In the push for youth and magic potions, Cricket Australia have often discarded their strength, a strong Sheffield Shield competition. Their tampering with the Futures League was a disaster that they are rectifying. Cricket Australia constantly rewards youth over skill and experience. While some would love it if the kids all had a go, if the kids all have a go and there is no one around to test them, what is the point? What will they learn playing in Cricket Australia’s indirect age-group series? This pressure on the states to find leaders is just another short-term fix that won’t help. Wade, 25, is a potential leader. White, 30, is out.
The only problem is, Australian Test captains rarely come from Shield cricket these days. Australian captains are picked from within the team. Mostly from the players who have played several years of international cricket, which makes them unavailable for Shield cricket. Border, Taylor, Waugh, Ponting and Clarke didn’t get to play entire seasons as Shield captains. Perhaps with the exception of Taylor, they really learnt the job as second in charge of the Test team, or through captaining the limited-overs sides.
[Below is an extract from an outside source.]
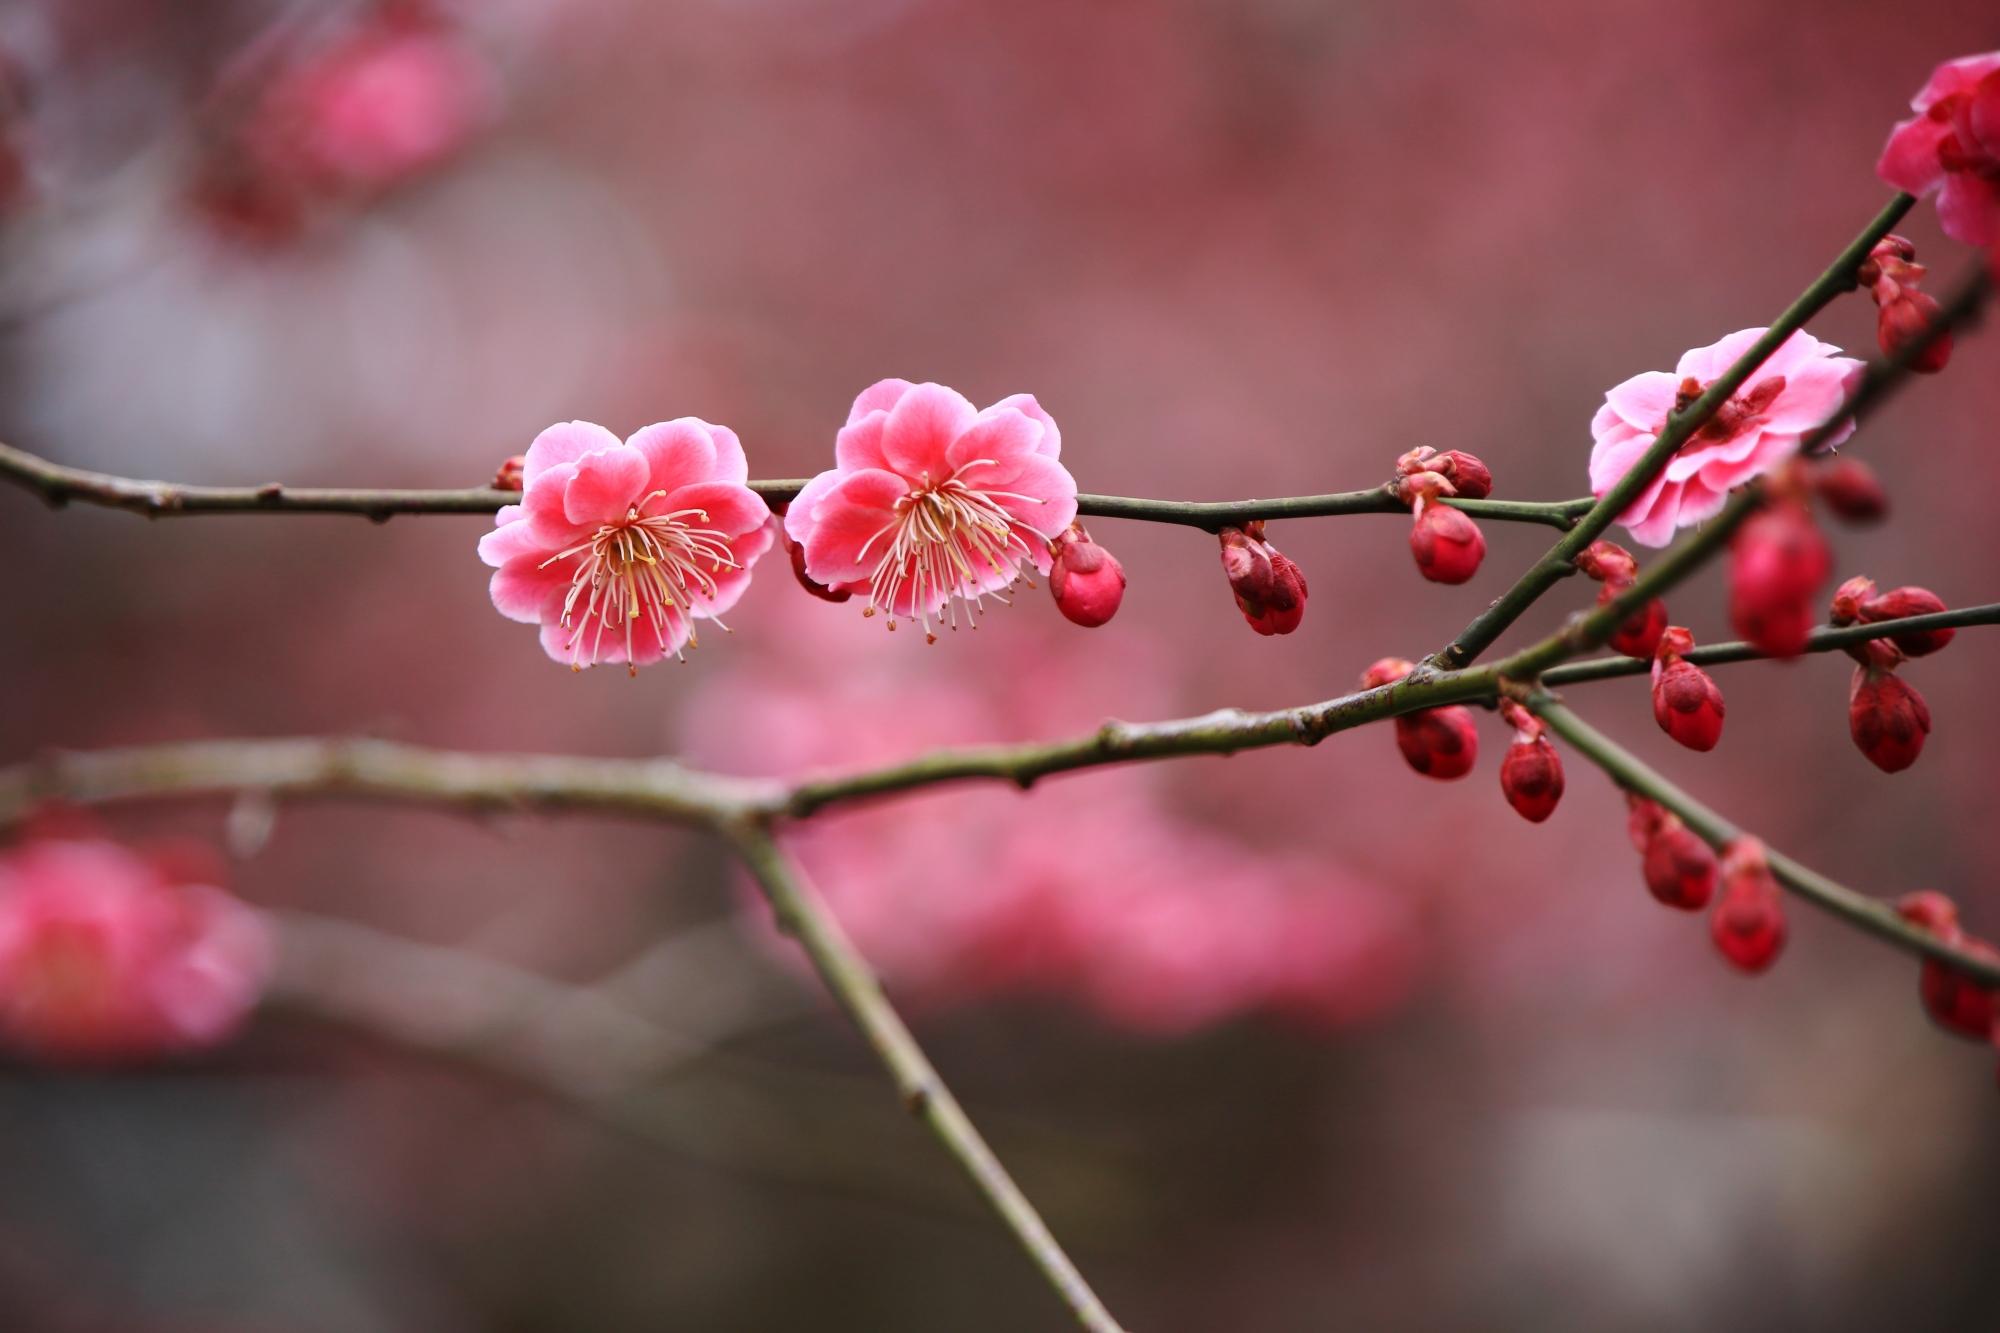 ピンクの可愛らしい梅
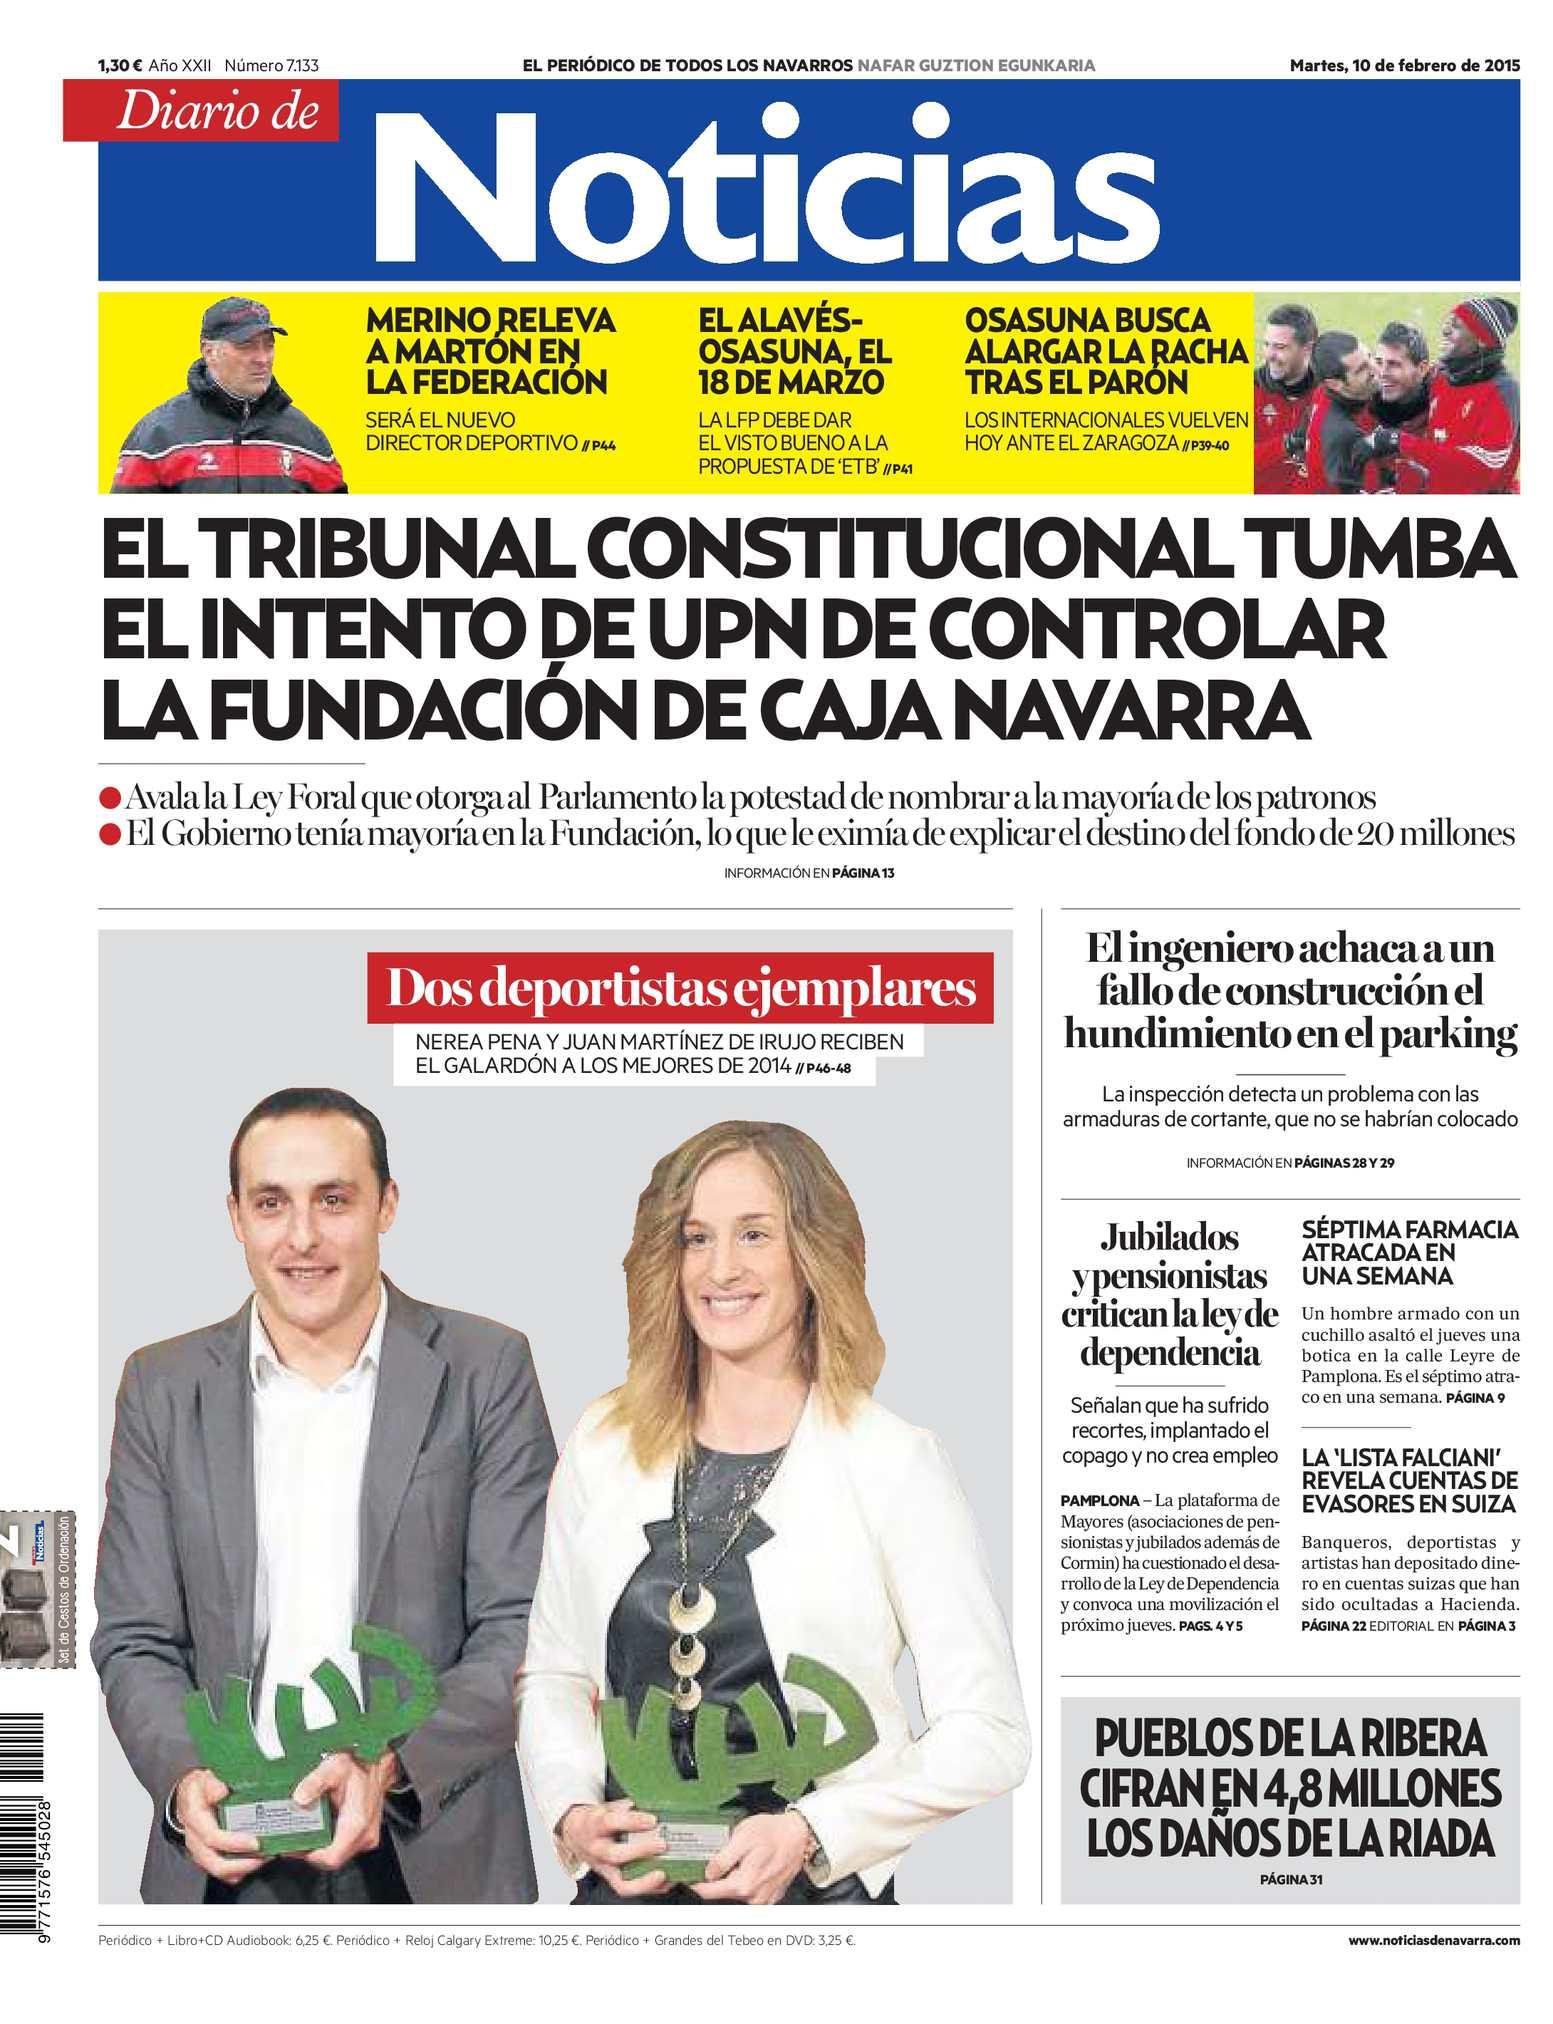 Calaméo - Diario de Noticias 20150210

With Haddin averaging 22 in his comeback series, the chances are Wade will be the keeper in all three formats and he’ll barely captain Victoria. With Haddin out of the side, if the Australian team really rate Wade, he’d be made vice-captain of the Test side. If Victoria really wanted to replace White with a potential future captain who could get invaluable experience, they’d be better off with Alex Keath or Peter Hanscomb. They are both older than White was when he took over from Darren Berry.
Or they could have left White there to help develop the next generation of cricketers. Other than as an occasional member of the limited-overs side, the one thing that White can still give Australian cricket is his captaincy. Not at the international level but at domestic. A young first-class batsman should be examined by a smart captain. Poking at a technique that has been largely untested in age-group cricket and academies. A Victorian bowler with promise being mentored by an expert. A player trying to get back into the Test team up against a captain who knows how to make him struggle.
White’s batting and bowling might not have been Test quality, but his captaincy is. The one thing he did best, the one way he could continue to help Australian cricket, is now being taken out of Shield cricket. How soon before he drifts into the life of a T20 freelancer and is virtually lost to Australian cricket altogether?
You’d think a country that is having so many problems producing skilled cricketers would be a little more hesitant to throw away the ones they have. A few days after his 30th birthday, Australian cricket has started to distance itself from one of its lost generation. In doing so, they continue to lose.